Thank you Nico for taking the time to analyze and comment on my code. I
will study your answer, but not this evening :-) Much appreciated!
All the best,
Chuck
On Fri, Dec 20, 2024 at 1:12 PM Nico Verwer (Rakensi) <nver...@rakensi.com>
wrote:
> Hello Chuck,
>
> The reason why you have infinite recursion is, that the signature of
> `map:merge` is
>
> map:merge($maps as map(*)*, $options as map(*)) as map(*)
>
> The first parameter is a sequence of maps, and the second parameter is a
> map with options.
> This means that in your code
>
> map:merge($pmid_map, map {
> $key : subsequence($pmids, $start, $end)
> })
>
> the map containing the subsequence is interpreted as a (meaningless) map
> with options, and you only keep the empty map that you started with.
> To fix this, insert parentheses like so:
>
> map:merge(
> ( $pmid_map
> , map {$key : subsequence($pmids, $start, $end)}
> )
> )
>
> The $options parameter is optional, so I omitted it.

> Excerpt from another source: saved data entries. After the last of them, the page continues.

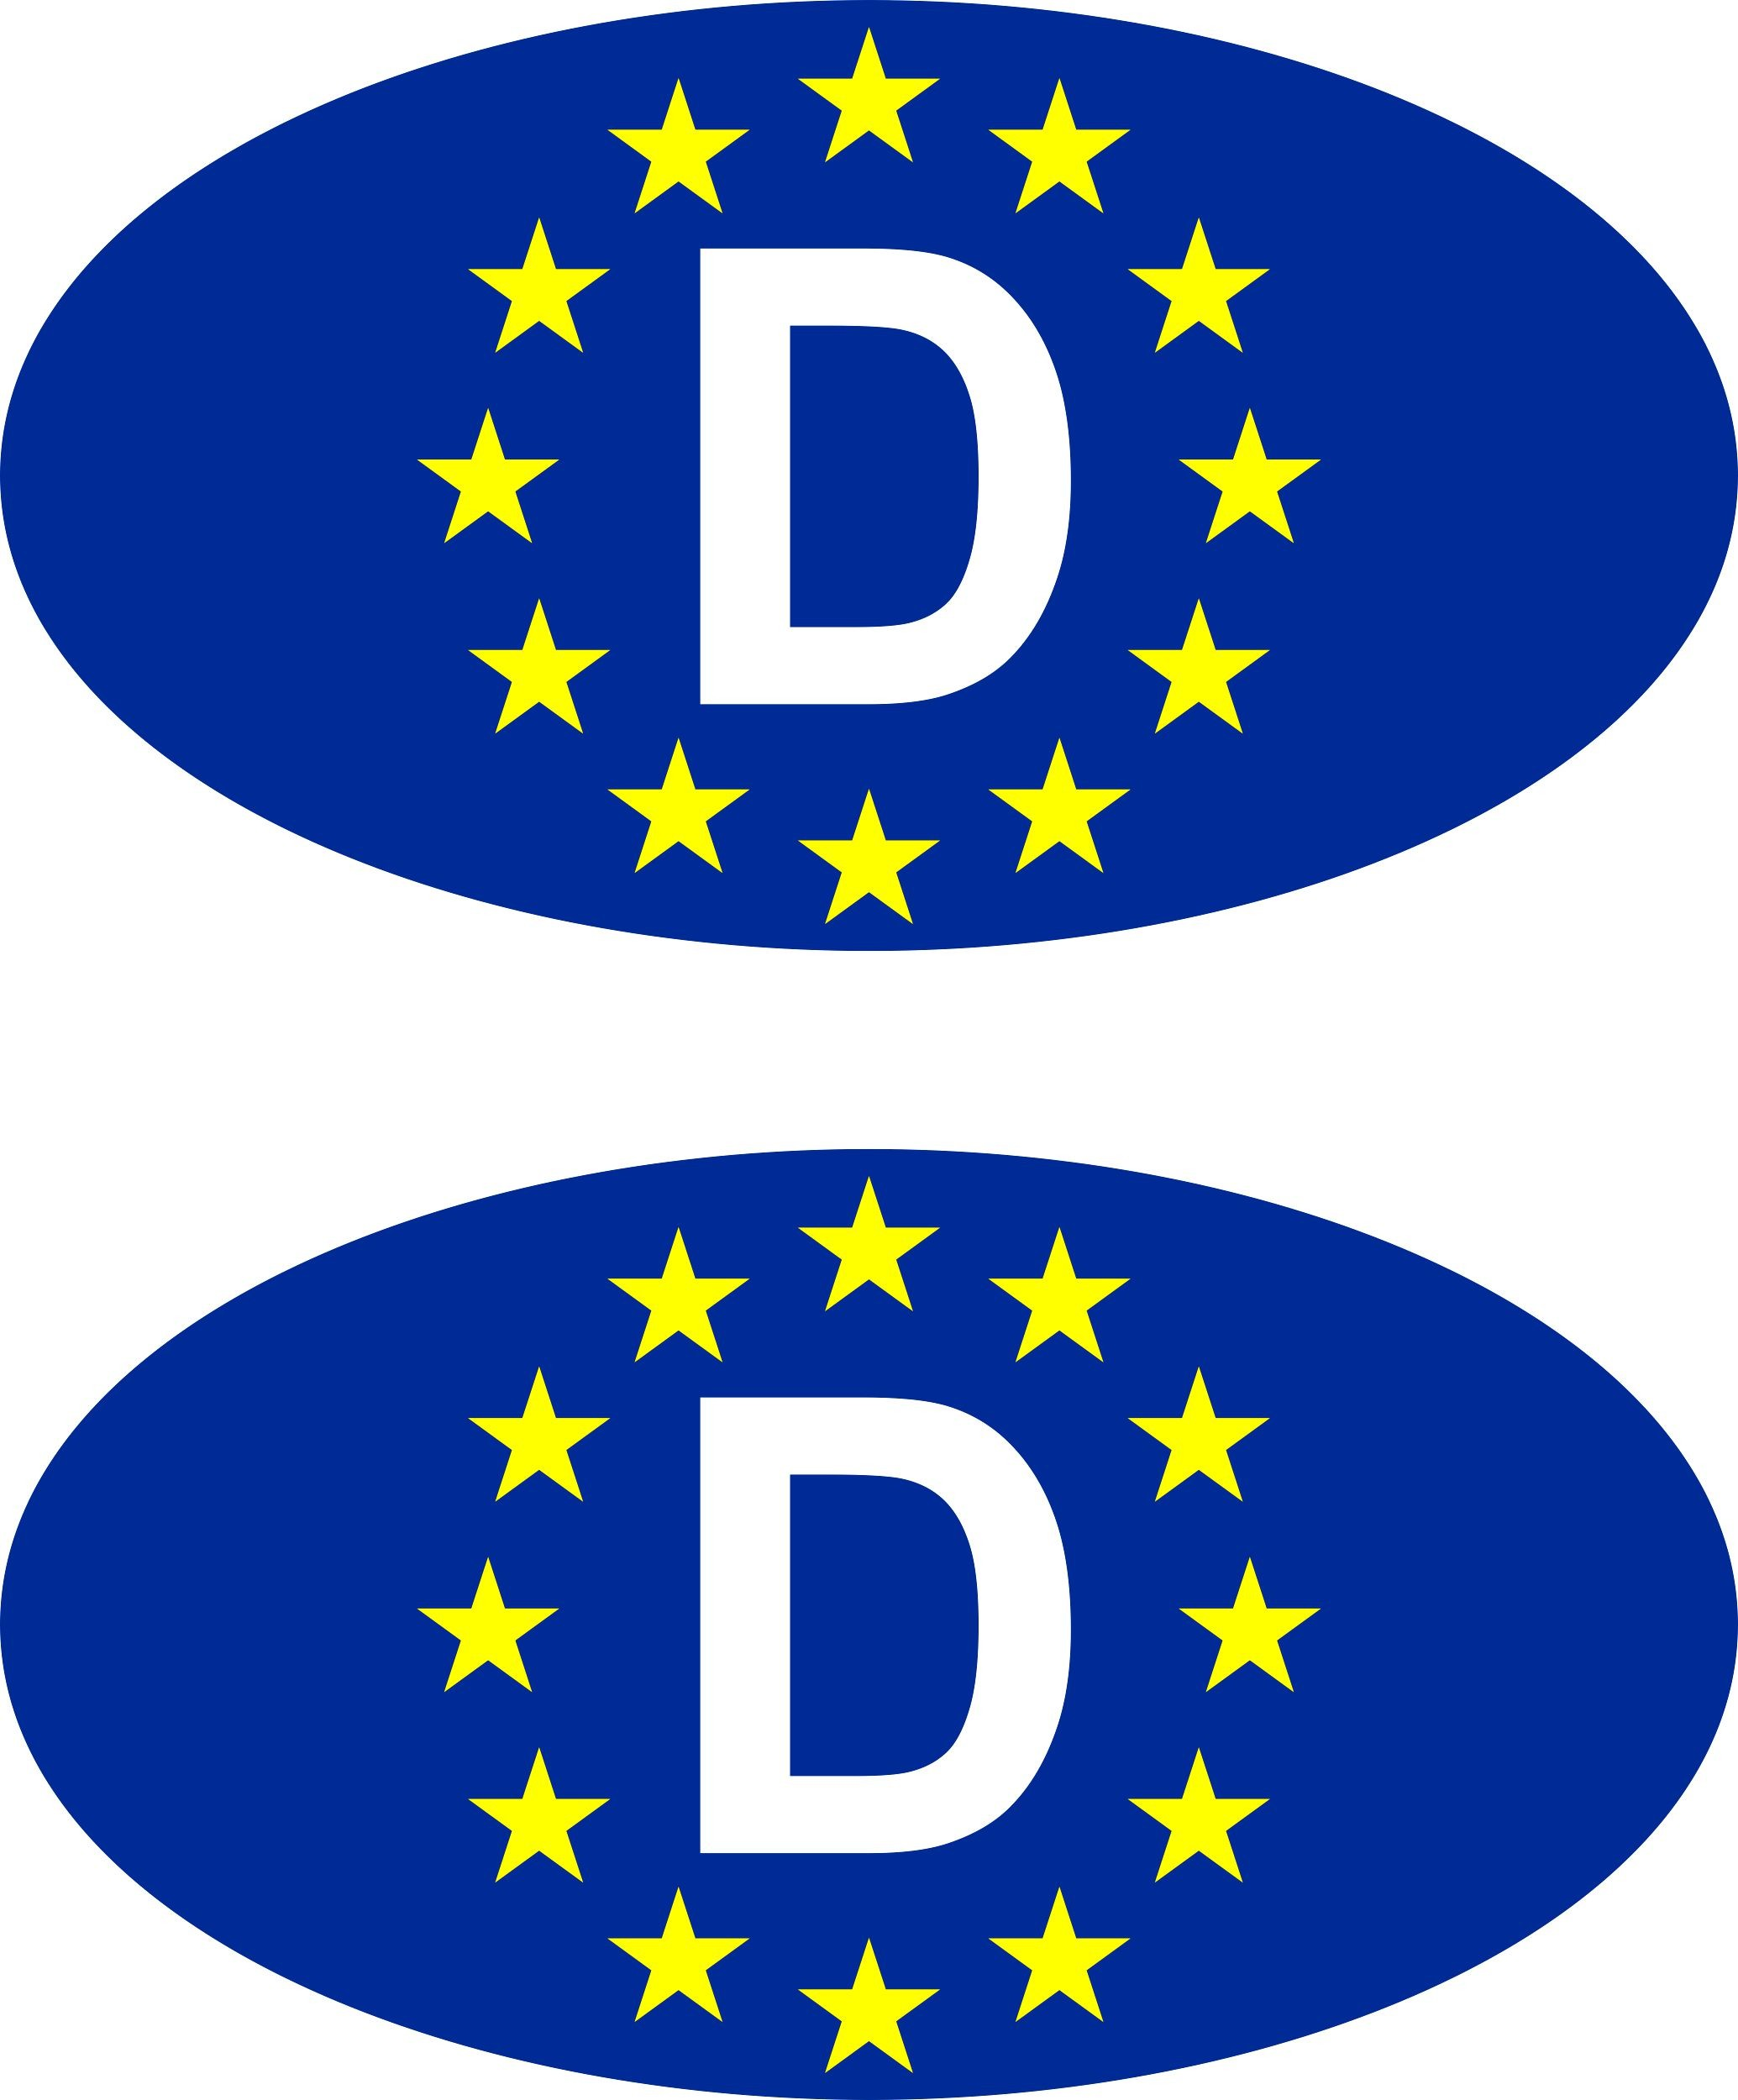 Aufkleber Europa-D Dimension 2er-Set je 25 x 40 mm  Fanartikel  – Bild 1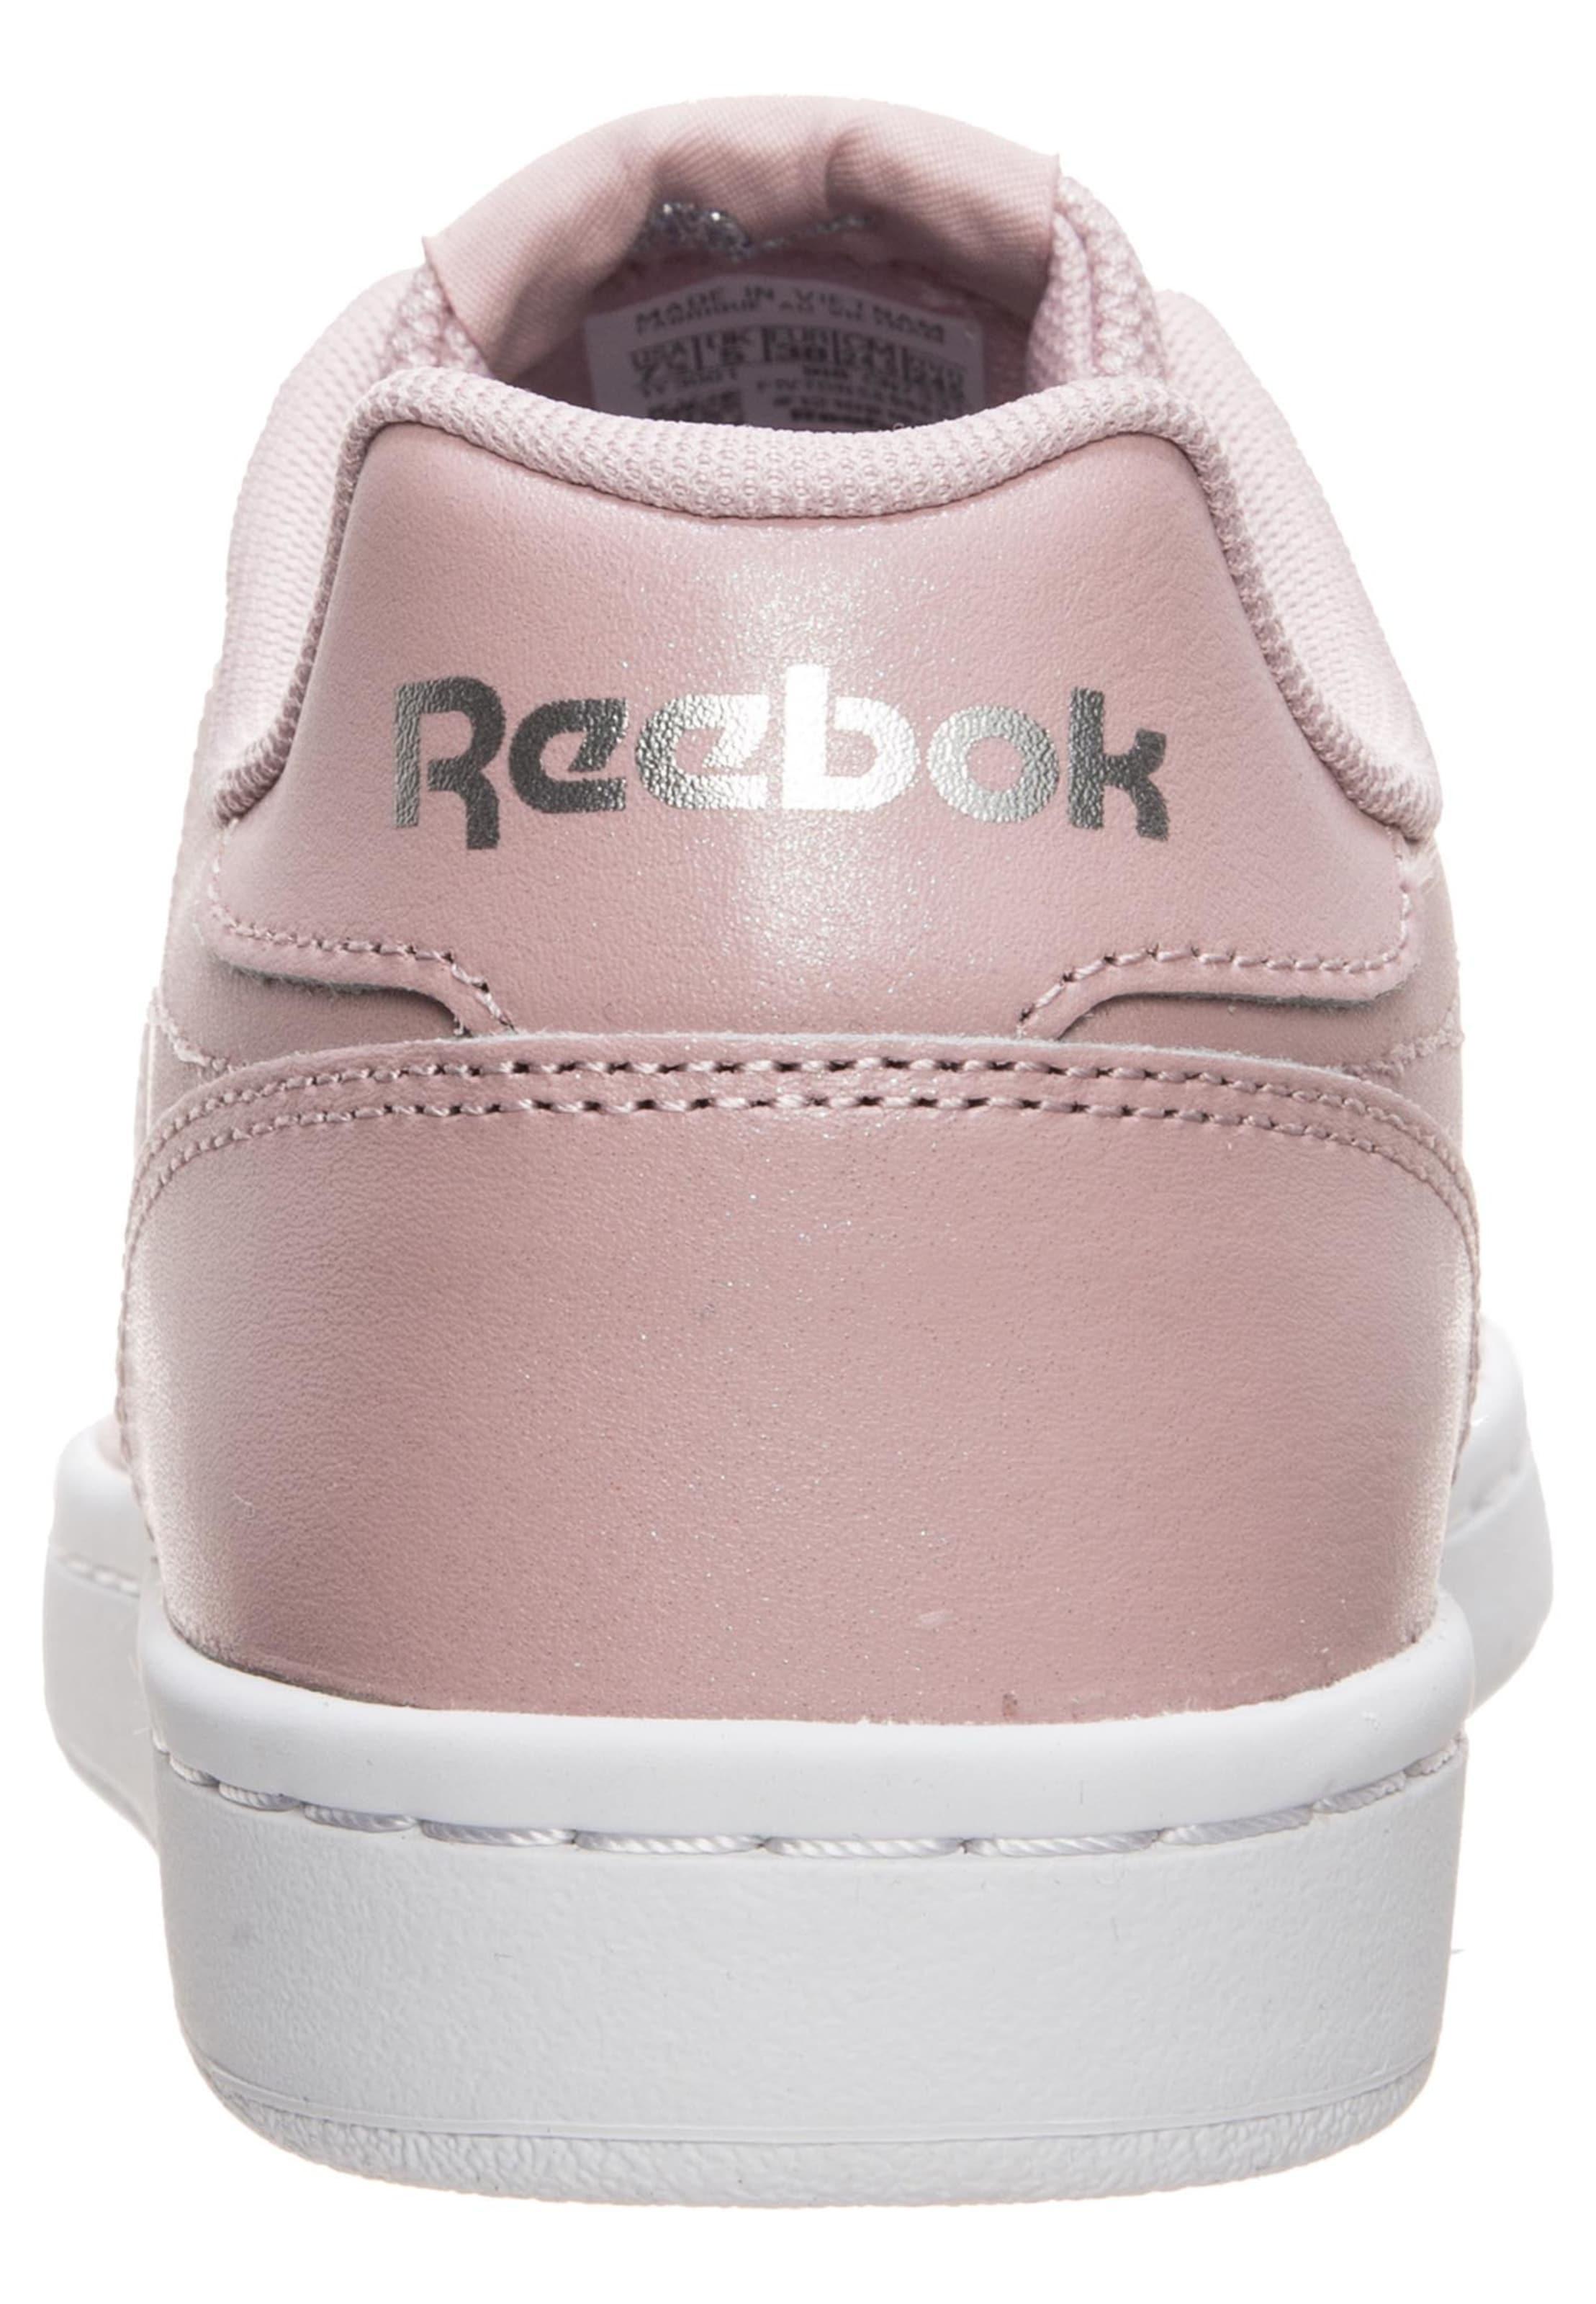 Basses En Reebok Baskets Classic RoseBlanc j34RL5A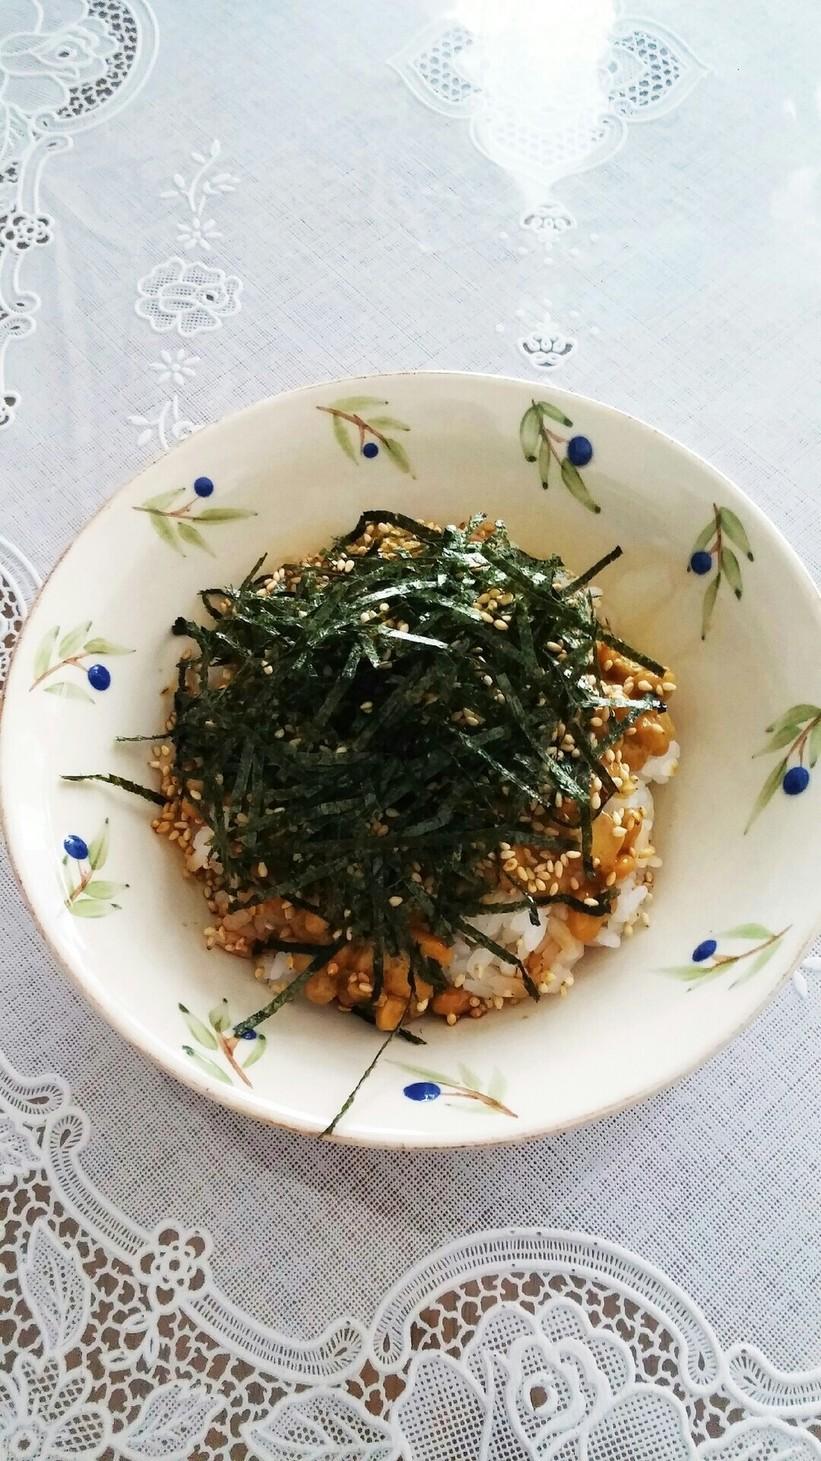 私のお気に入り☆納豆ご飯にチョイ足し!

> However, there are more mistakes, which I will go into below. And a better
> approach is to use the *for - group by - return* that I posted earlier.
> This is a lot faster, more concise, and more readable in my opinion.
> My comments below are only meant to highlight some learning points.
>
> declare function local:by_hundreds($pmids as xs:string*, $pmid_map as
> map(*))
>
> as map(*) {
> let $key_count := count(map:keys($pmid_map))
>
> Better is map:size($pmid_map)
>
> return
> (: base case: each value except the last should have 100 items
> in it; the last should have <= 100; in this case we return the map
> goal is to build a map with 63 keys, with each value
> a sequence of 100 or 93 (in the last case) strings :)
> if ((($key_count + 1) * 100) >= count($pmids))
> then $pmid_map
>
> This means that you will miss the last 93 strings, because *$key_count *
> 100* will be less then *count($pmids)*, so there are strings left.
>
> else
> (: starting index for subsequence() :)
> let $start := 1 + ($key_count * 100)
> (: ending index for subsequence() :)
> let $end := $start + 99
> (: value of the map key for this 100 items :)
> let $key := $key_count + 1
>
> If you pass a subsequence of $pmids as the first parameter, instead of
> passing the whole list every time, there is less computation to do, and the
> base case becomes easier to detect.
>
> (: attempt to log all recurrent executions to files
> let $foo :=
> local:write_results(<res><start>{$start}</start><end>{$end}</end></res>,
> $key_count)
> :)
> (: create a map with $key as key and the subsequence from n to n + 99
> of $pmids and merge it with input accumulator map to make a new
> map :)
> let $pmid_map_new := map:merge($pmid_map, map {
> $key : subsequence($pmids, $start, $end)
> })
>
> Since there is only one key in this map, it is better to use *map:entry($key,
> subsequence($pmids, $start, $end))*.
>
> (: recur; the number of keys in $pmid_map_new will enable the next
> execution to determine which items from $pmids to use :)
> return local:by_hundreds($pmids, $pmid_map_new)
> };
>
>
> The recursive pattern you use can be written more efficiently as a
> fold-left. See the excellent XQuery book by Priscilla Walmsley for examples.
>
> But as I said, the conventional way to do this in XQuery would be
>
> map:merge(
> for $pmidset at $i in $pmids
> group by $chunk as xs:integer := ($i idiv 100)
> return map:entry($chunk, $pmidset)
> )
>
>
> Happy XQuerying!
>
> Best regards,
> Nico Verwer
>
>
>
>
>